Many analysts attribute the decline to Sen. Warren’s socialized medicine scheme and her inability to articulate how to pay for it all. Nationally, support for kicking 170 million Americans off their private insurance is not popular, leading many Democrats to fret that the Massachusetts senator may not be the best choice to challenge President Donald Trump.

This interpretation of her cratering support makes sense. But it’s also worth noting that Sen. Warren’s convoluted relationship with the truth hasn’t helped her campaign. Her missteps about her Native American ancestry are well-known. Less well-known is her hypocrisy concerning public education.

In October, the Warren campaign released its education plan, a wet kiss to the teachers unions and other entrenched interests. It was hostile to the idea of increasing options for frustrated families through alternatives such as charter schools or other choice avenues.
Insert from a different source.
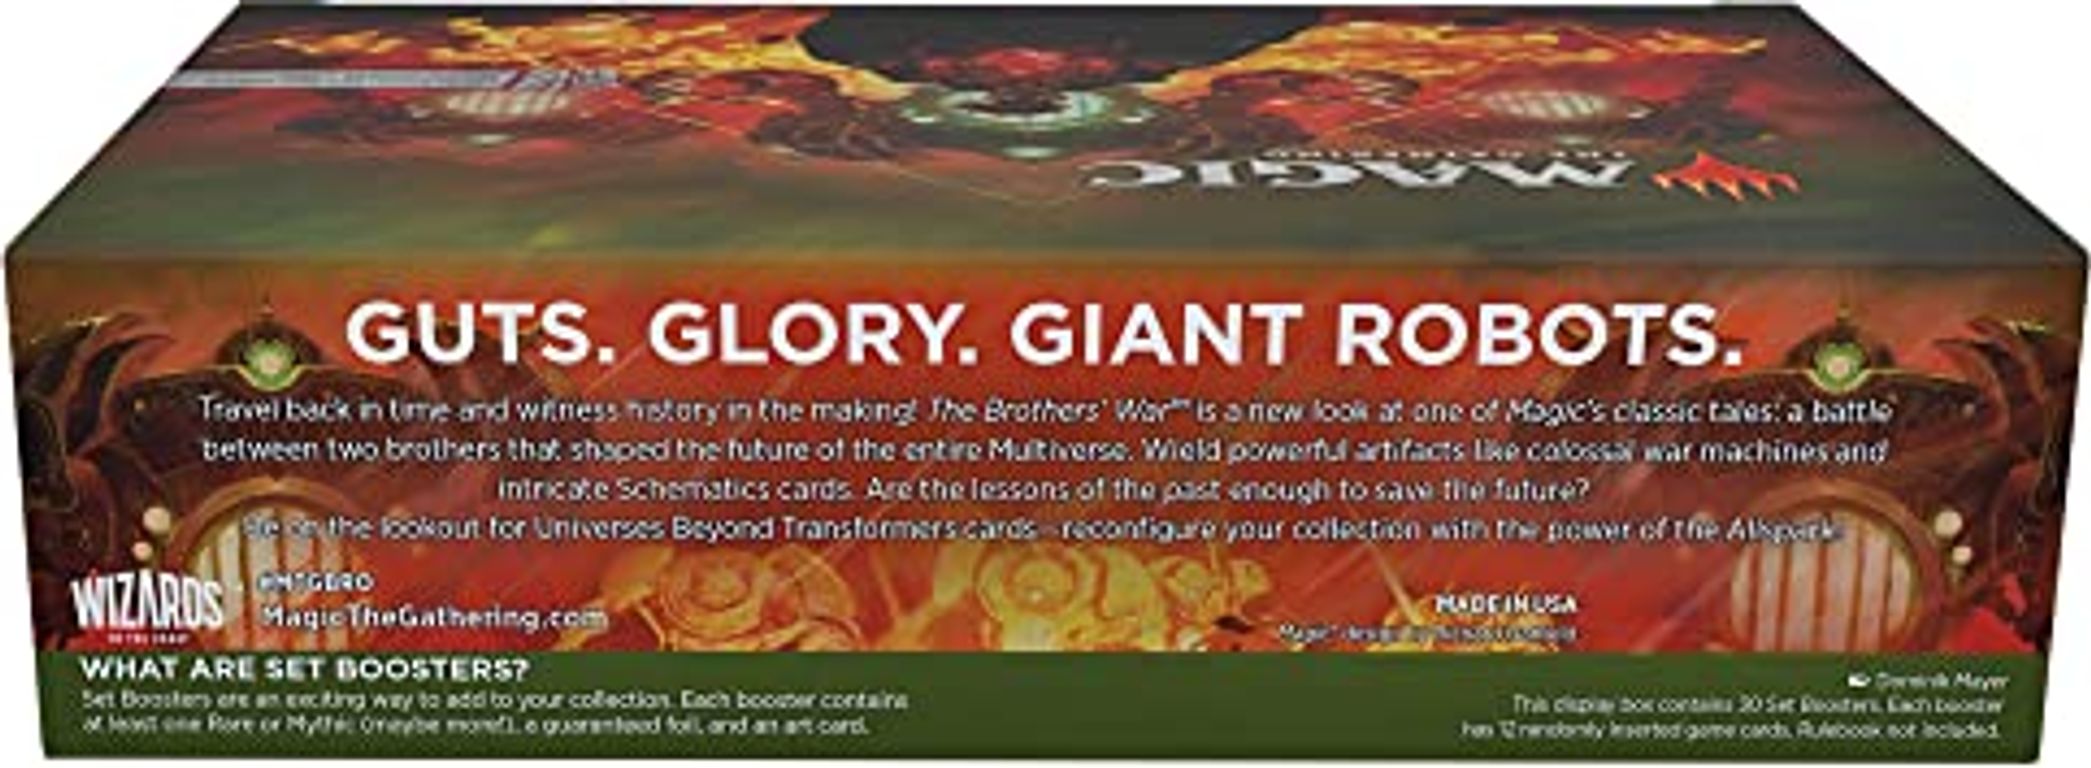 Magic The Gathering Brothers' War Set Booster Box back of the box

As Reason’s Cory DeAngelis points out, Sen. Warren then “started tweeting that she was ‘#PublicSchoolProud’ and that ‘we must stop the privatization of public schools.’ She also bragged how she attended and taught at public schools.” Sen. Warren told school choice advocates that her children “went to public schools.”
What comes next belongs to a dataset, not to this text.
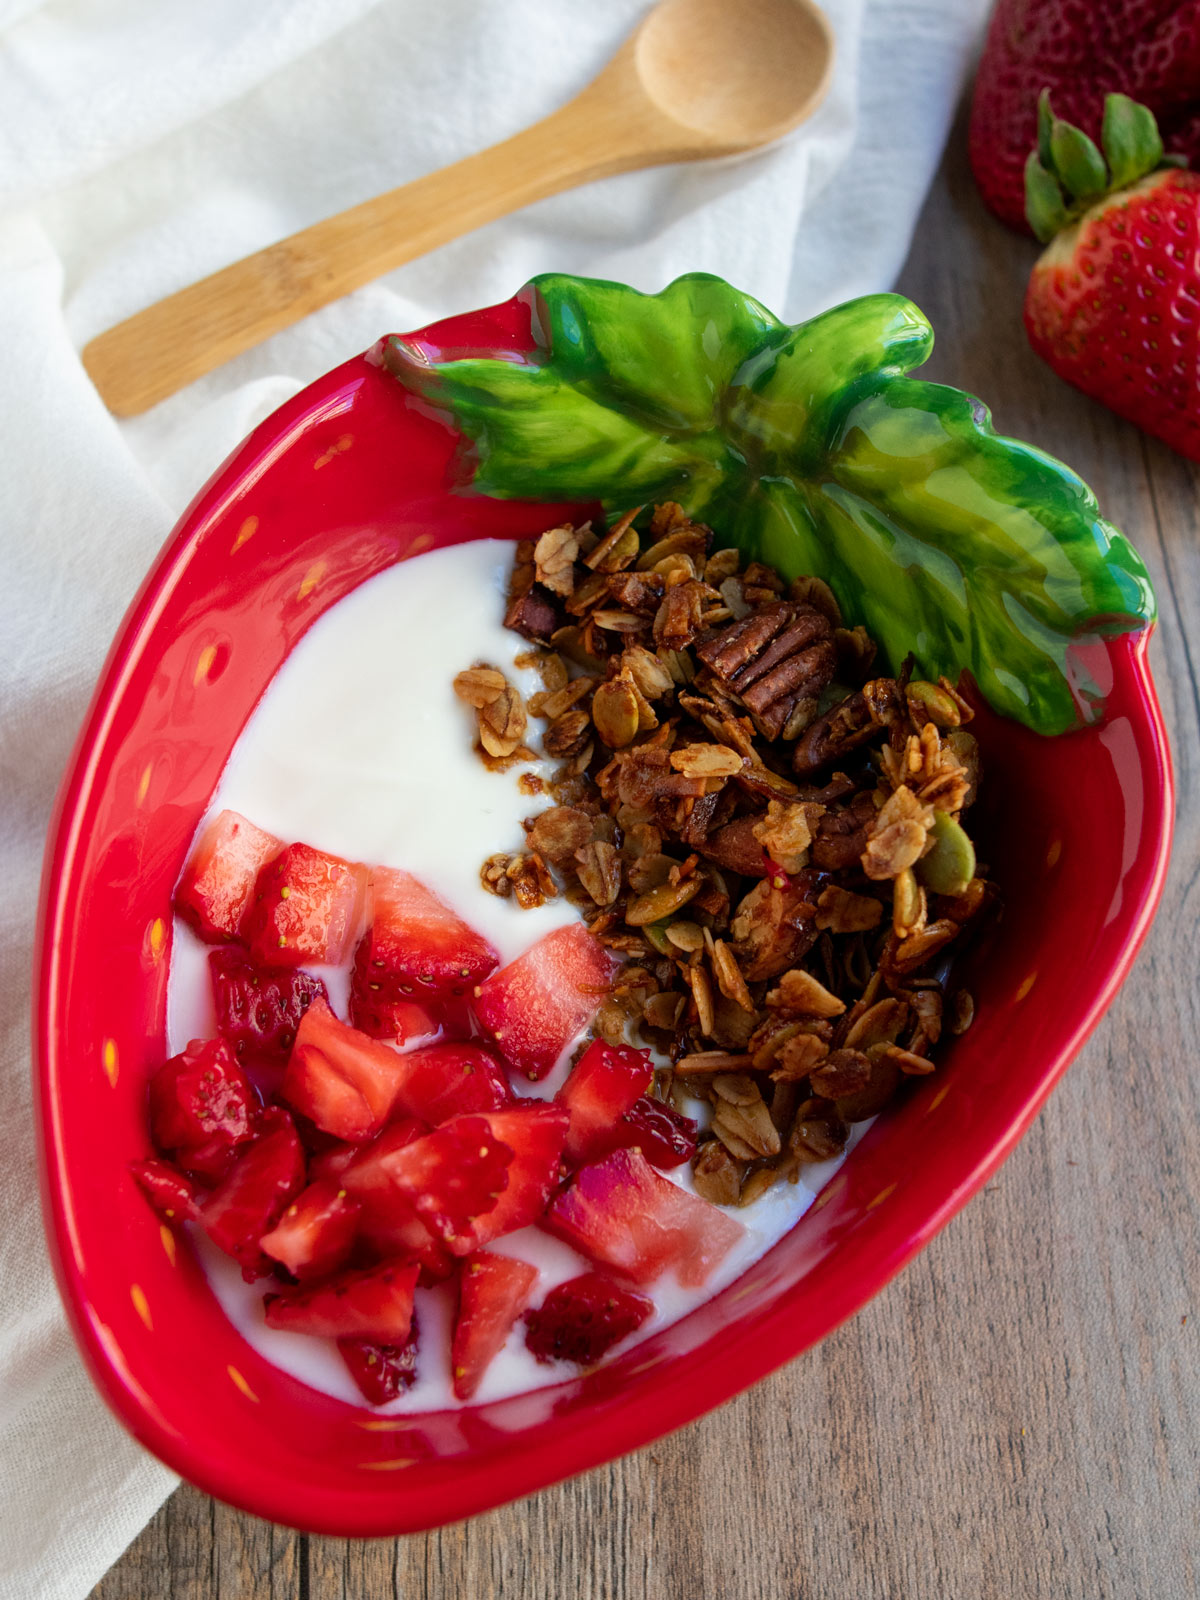 Olive oil granola in a strawberry red bowl on top of yogurt with strawberries on top as well.

The statement is technically true. But, Mr. DeAngelis reports, Sen. Warren’s son, Alex, also attended two exclusive private schools after the fifth grade — one institution that charges nearly $18,000 a year and a high school that will set you back nearly $40,000 annually. Sen. Warren “had the privilege to send her own kids to private schools,” Mr. DeAngelis writes, “while fighting against extending similar options to the less fortunate.”

Sen. Warren, of course, should be free to use her own money to avail her children of whatever educational options she chooses. But charter schools and choice programs are intended to provide those of more modest means with similar alternatives. Instead, Sen. Warren would prefer that such students be confined to underperforming campuses that could leave them ill-equipped for long-term success.

It’s unlikely that such a cynical “do as I say, not as I do” position would appeal to vital independent and moderate voters.